Just 10 extra idle listening connections cause a slowdown from 8700 TPS
to 6100 TPS, 100 extra cause it to drop to 2000 TPS, and at 1000 extra
it falls to 250 TPS.
This patch introduces targeted signaling for LISTEN/NOTIFY, improving
scalability in workloads with many idle listeners.
A dynamic shared hash table now tracks which backends listen on each
(database, channel) pair, which SignalBackends() uses to perform
targeted signaling. In addition, it staggers wakeups by signaling one
backend at the global tail to help it advance gradually, and forces any
excessively lagging backends to catch up. A per-backend wakeup_pending
flag avoids redundant signals.
---
src/backend/commands/async.c | 470 ++++++++++++++++--
.../utils/activity/wait_event_names.txt | 1 +
src/include/storage/lwlocklist.h | 1 +
src/tools/pgindent/typedefs.list | 2 +
4 files changed, 436 insertions(+), 38 deletions(-)

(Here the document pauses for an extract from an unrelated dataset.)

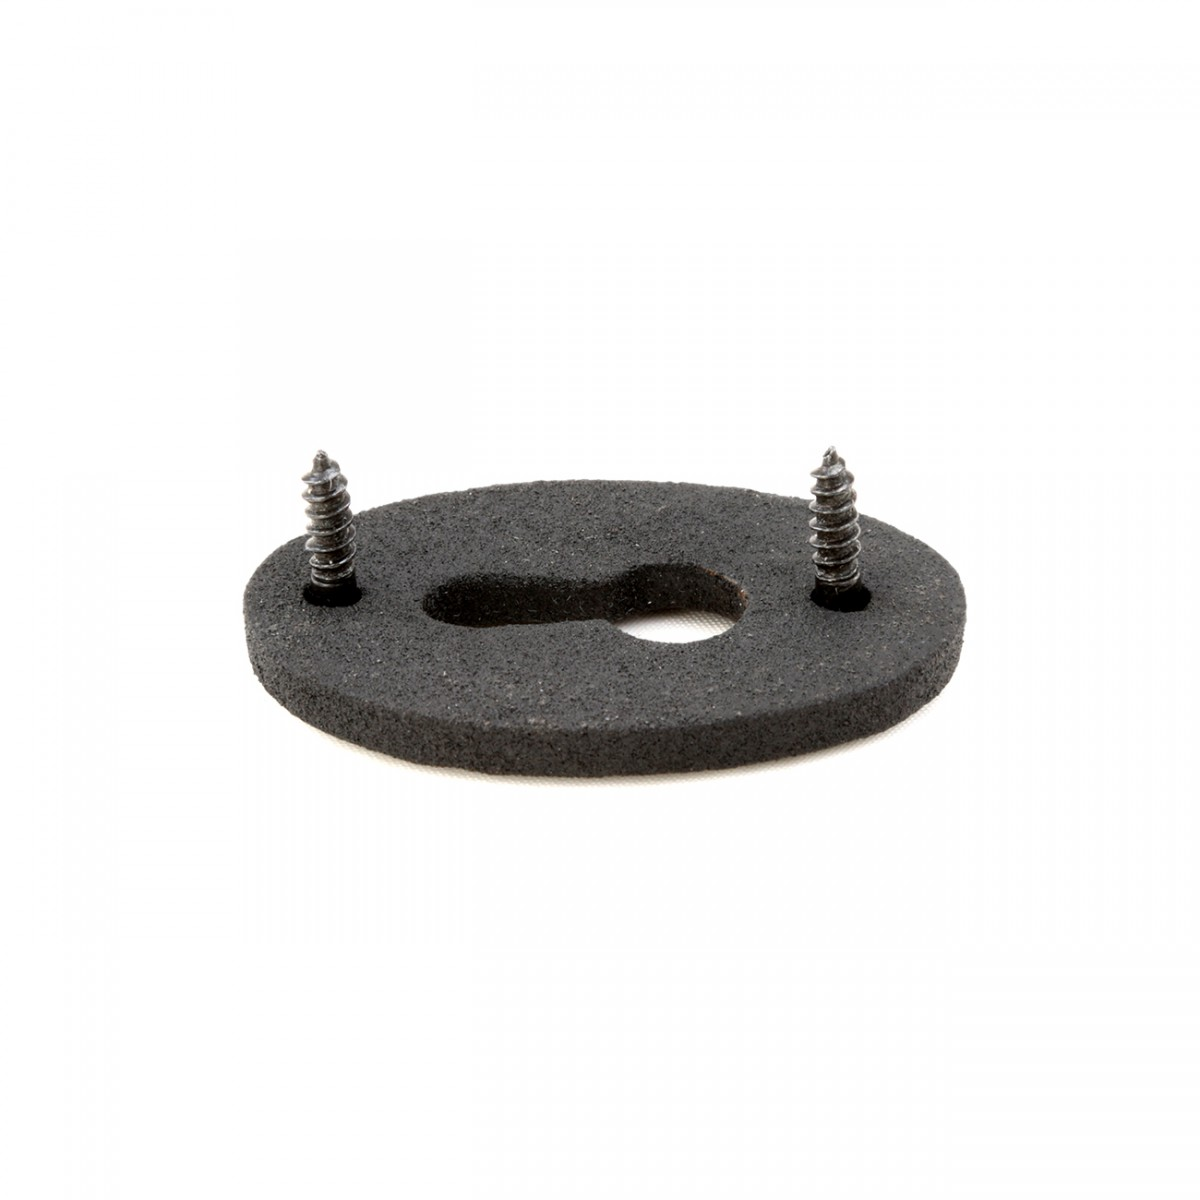 Wrought Iron Keyhole Cover Escutcheon Replacement 134 H Pack of 8 Escutcheons Keyholes Escutcheon

diff --git a/src/backend/commands/async.c b/src/backend/commands/async.c
index 4bd37d5beb5..efa25740c9c 100644
--- a/src/backend/commands/async.c
+++ b/src/backend/commands/async.c
@@ -24,8 +24,10 @@
* All notification messages are placed in the queue and later read out
* by listening backends.
*
- * There is no central knowledge of which backend listens on which channel;
- * every backend has its own list of interesting channels.
+ * We also maintain a dynamic shared hash table (dshash) that maps channel
+ * names to the set of backends listening on each channel. This table is
+ * created lazily on the first LISTEN command and grows dynamically as
+ * needed.
*
* Although there is only one queue, notifications are treated as being
* database-local; this is done by including the sender's database OID
@@ -71,13 +73,17 @@
* make any actual updates to the effective listen state (listenChannels).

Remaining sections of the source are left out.